SGLang provides a direct inference engine without the need for an HTTP server, especially for use cases where additional HTTP server adds unnecessary complexity or overhead. Here are two general use cases:

- Offline Batch Inference
- Custom Server on Top of the Engine

This document focuses on the offline batch inference, demonstrating four different inference modes:

- Non-streaming synchronous generation
- Streaming synchronous generation
- Non-streaming asynchronous generation
- Streaming asynchronous generation

Additionally, you can easily build a custom server on top of the SGLang offline engine. A detailed example working in a python script can be found in [custom_server](https://github.com/sgl-project/sglang/blob/main/examples/runtime/engine/custom_server.py).



## Nest Asyncio
Note that if you want to use **Offline Engine** in ipython or some other nested loop code, you need to add the following code:
```python
import nest_asyncio

nest_asyncio.apply()

```

## Advanced Usage

The engine supports [vlm inference](https://github.com/sgl-project/sglang/blob/main/examples/runtime/engine/offline_batch_inference_vlm.py) as well as [extracting hidden states](https://github.com/sgl-project/sglang/blob/main/examples/runtime/hidden_states). 

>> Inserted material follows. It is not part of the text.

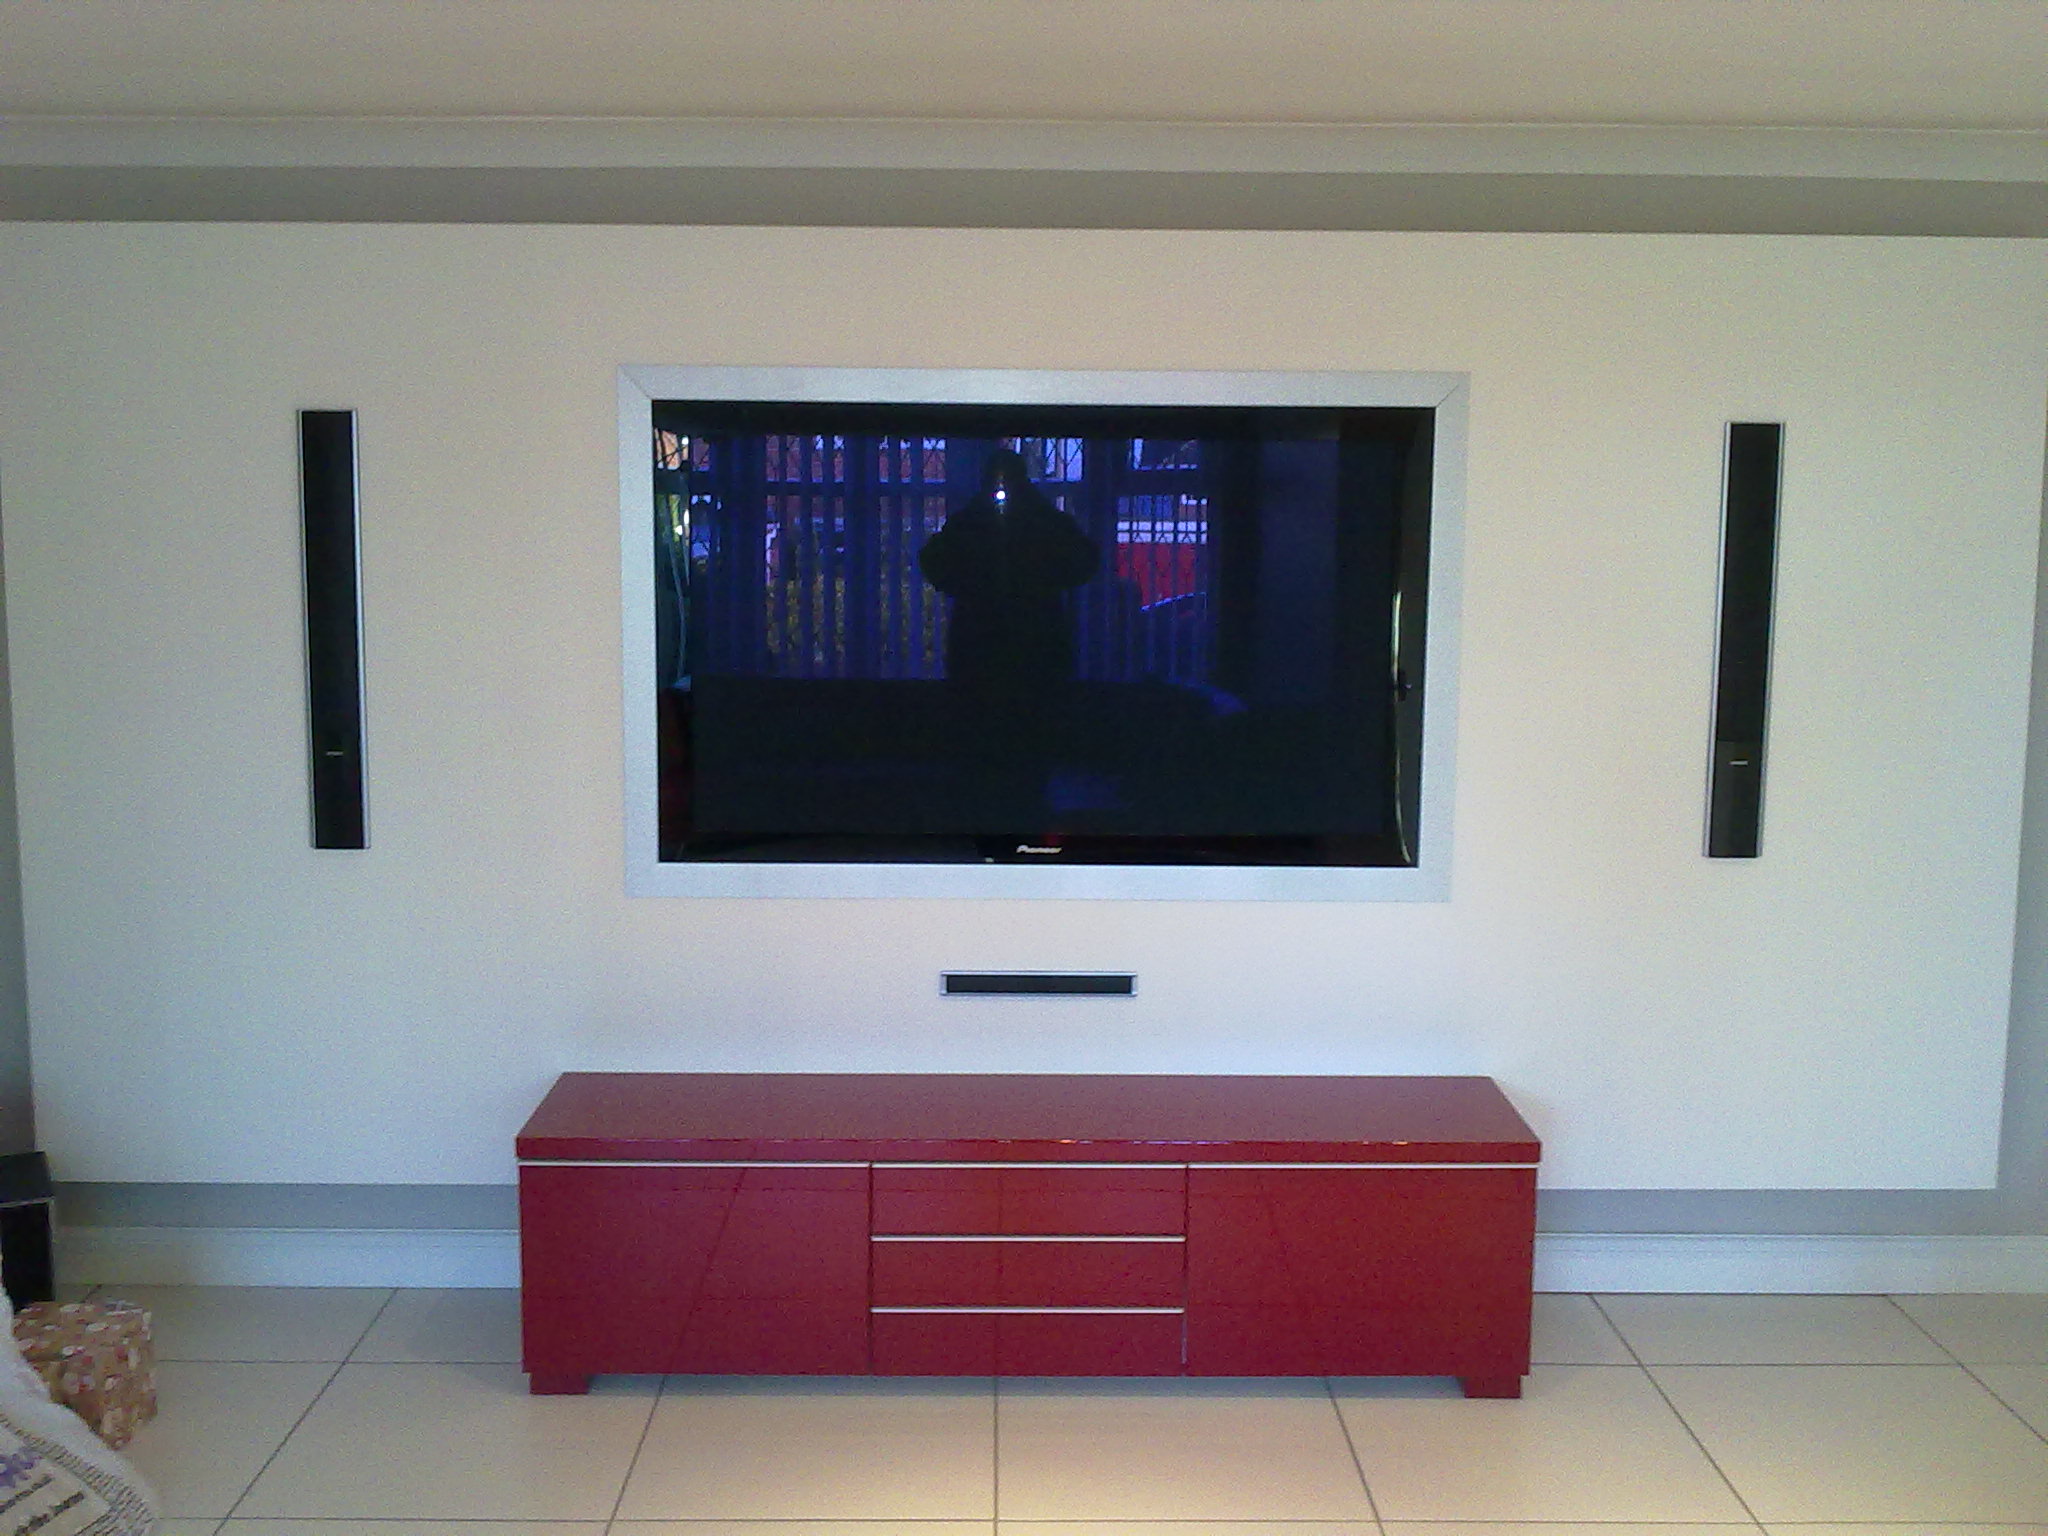 Pics of wall mounted tv/av set up please - Page 2 - Home Cinema & Hi-Fi - PistonHeads

Please see [the examples](https://github.com/sgl-project/sglang/tree/main/examples/runtime/engine) for further use cases.

## Offline Batch Inference

SGLang offline engine supports batch inference with efficient scheduling.

In [1]:
# launch the offline engine
import asyncio

import sglang as sgl
import sglang.test.doc_patch
from sglang.utils import async_stream_and_merge, stream_and_merge

llm = sgl.Engine(model_path="qwen/qwen2.5-0.5b-instruct")

  import pynvml  # type: ignore[import]


`torch_dtype` is deprecated! Use `dtype` instead!




  import pynvml  # type: ignore[import]
  import pynvml  # type: ignore[import]


`torch_dtype` is deprecated! Use `dtype` instead!
[2025-10-01 01:52:21] `torch_dtype` is deprecated! Use `dtype` instead!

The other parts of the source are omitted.